Boron triazide
- Names: IUPAC name Triazidoborane

Identifiers
- CAS Number: 21884-15-1;
- 3D model (JSmol): Interactive image;
- ChemSpider: 29329370;
- PubChem CID: 101089385;
- CompTox Dashboard (EPA): DTXSID901336502 ;

Properties
- Chemical formula: B(N_{3})_{3}
- Molar mass: 136.87 g/mol
- Appearance: colorless crystals
- Solubility: soluble in diethyl ether

= Boron triazide =

Boron triazide, also known as triazidoborane, is a thermally unstable compound of boron and nitrogen with a nitrogen content of 92.1% (by the standard atomic weight). Formally, it is the triazido derivative of borane and is a covalent inorganic azide.
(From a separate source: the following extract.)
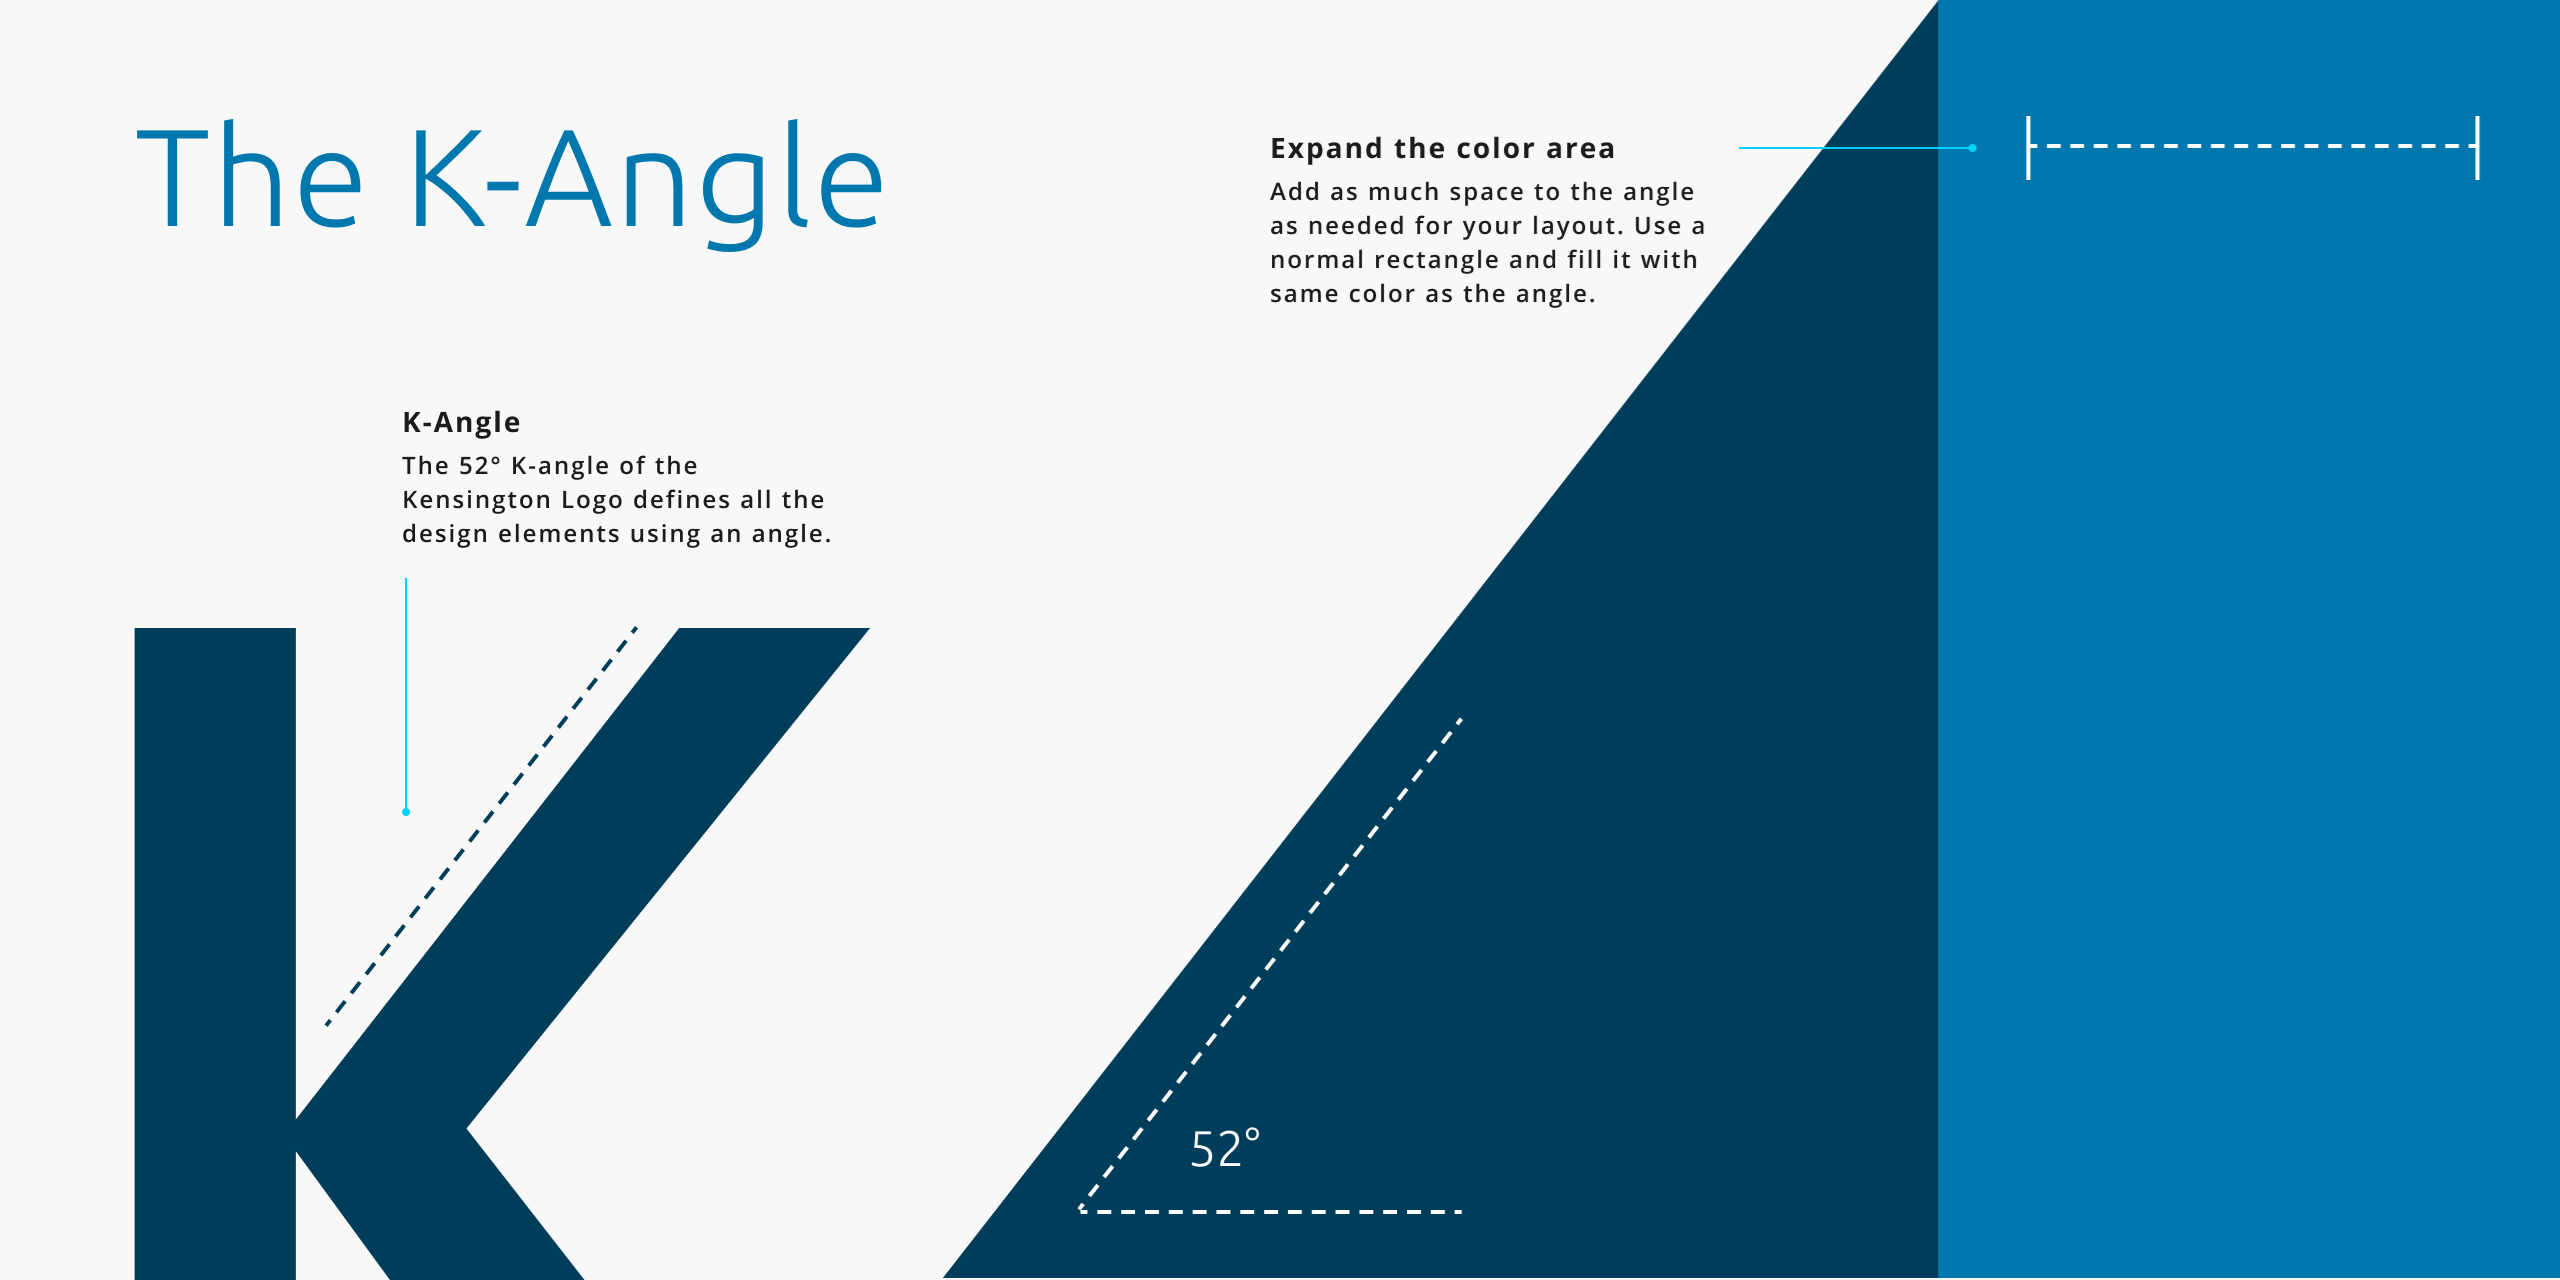 K-Angle explained

The high-energy compound, which has the propensity to undergo spontaneous explosive decomposition, was first described in 1954 by Egon Wiberg and Horst Michaud of LMU Munich.

== Preparation ==
The first method is by the addition of diborane to a solution of hydrazoic acid in diethyl ether at a temperature range between −20 °C and −10 °C. This synthesis proceeds via the intermediates monoazidoborane, BH2N3, and diazidoborane, BH(N3)2.

B2H6 + 6 HN3 → 2 B(N3)3 + 6 H2

The compound can also be obtained by passing boron tribromide vapor over solid silver azide in high vacuum.

BBr3 + 3 AgN3 → B(N3)3 + 3 AgBr

A similar gas-phase synthesis uses the spontaneous reaction of boron trichloride with hydrazoic acid.

BCl3 + 3 HN3 → B(N3)3 + 3 HCl

== Properties ==
The compound forms colorless crystals that are only stable at low temperatures. Above −35 °C, an explosive decomposition may occur. In the gas phase, generated boron triazide decomposes at room temperature within 60 minutes via loss of nitrogen gas to form boron nitrides with formulas BN3 and BN. These reactions can also be initiated photochemically by UV radiation in the compounds absorption range at about 230 nm.

B(N3)3 → BN3 + 3 N2
B(N3)3 → BN + 4 N2

In contact with water, it undergoes hydrolysis to hydrazoic acid and boron trioxide.

2 B(N3)3 + 3 H2O → 6 HN3 + B2O3

Reaction with other azides like sodium azide or lithium azide yields the corresponding tetraazidoborate complexes.

B(N3)3 + NaN3 → Na[B(N3)4]
B(N3)3 + LiN3 → Li[B(N3)4]

The parent tetraazidoboric acid, H[B(N3)4], can be obtained at temperatures lower than −60 °C.

== Uses ==
Due to the low stability, the compound itself is not used as a high-energy substance. However, the tetraazidoborate derivatives and adducts with bases such as quinoline, pyrazine or 2,2,6,6-tetramethylpiperidine have potential for this usage. The gas-phase decomposition of the compound is also of interest as a method of coating surfaces with boron nitride.